Just looking for one for a good friend.

Scott


----------



## Bellsy (Apr 21, 2017)

I picked one up at the MPG off of Jim Swank. PM him to see if he can fix you up. I believe it is a decal cast in PR.

If anyone asks....I was surfing IAP from work.....


----------



## wouldentu2? (Apr 21, 2017)

You can buy the decals and use CA to cover it.


----------



## maxwell_smart007 (Apr 21, 2017)

I can write "Jose's too old" on a blank with a sharpie, if you want! :biggrin:


----------



## Pens By Scott (Apr 21, 2017)

Jose's too old... lol, ain't that the truth... thanks guys


----------



## maxwell_smart007 (Apr 22, 2017)

He must have read that - great ending in the 13th inning yesterday...


----------



## Mack C. (Apr 22, 2017)

I see we have some non-believers already! Have faith, eh!


----------



## maxwell_smart007 (Apr 22, 2017)

Been a jays fan my whole life, Mack.  I think they have a strong team (despite their record) with a huge, expensive hole in right field...  

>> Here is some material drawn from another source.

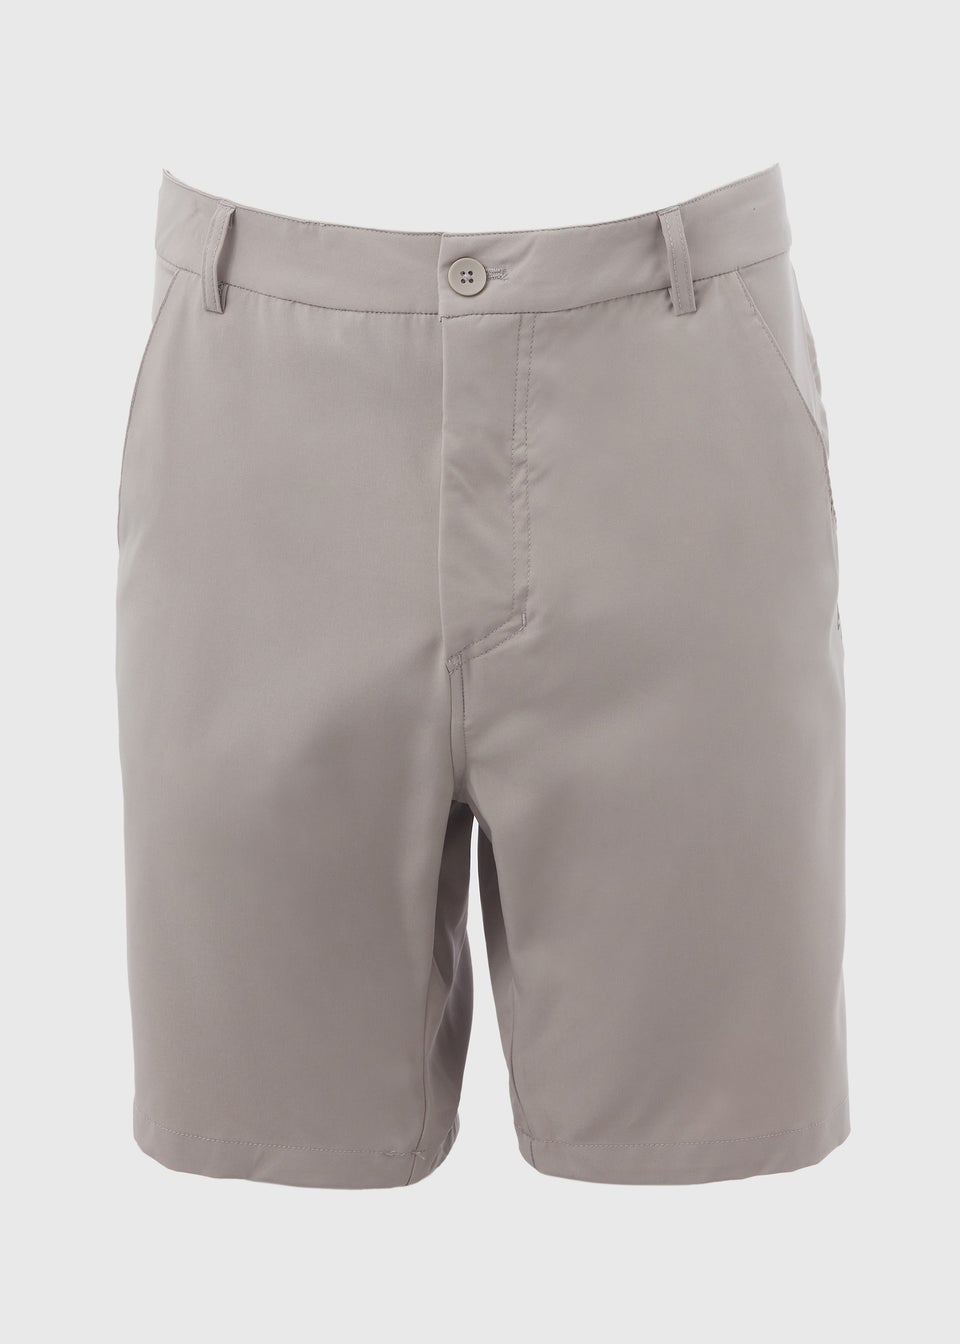 Souluxe Grey Golf Shorts

I wish they had kept Saunders, with Pompey backing him up, and given the 18,000,000 to charity!


----------



## Mack C. (Apr 22, 2017)

I'm missing EE!


----------



## firewhatfire (Apr 22, 2017)

I wish I had a good Vintage Blue Jays hat to go with my shirt from the 80's


----------



## Mack C. (Apr 22, 2017)

firewhatfire said:


> I wish I had a good Vintage Blue Jays hat to go with my shirt from the 80's


How about a '92 World Champs hat? I don't know how to show it from my iPad!


----------



## firewhatfire (Apr 22, 2017)

That would pair well with it I would think.  You interested in parting with it? 



Mack C. said:


> firewhatfire said:
> 
> 
> > I wish I had a good Vintage Blue Jays hat to go with my shirt from the 80's
> ...


----------



## Mack C. (Apr 22, 2017)

At my age and time of my life, pm me with your address. One less thing for my love to get rid of!


----------



## firewhatfire (Apr 22, 2017)

done and your awesome for it:biggrin:



Mack C. said:


> At my age and time of my life, pm me with your address. One less thing for my love to get rid of!


----------



## Mack C. (Apr 23, 2017)

firewhatfire said:


> done and your awesome for it:biggrin:
> 
> 
> 
> ...


Just so everyone knows, Phil has offered to turn a FP for me. A great trade for both of us! 
Thanks, Phil!


----------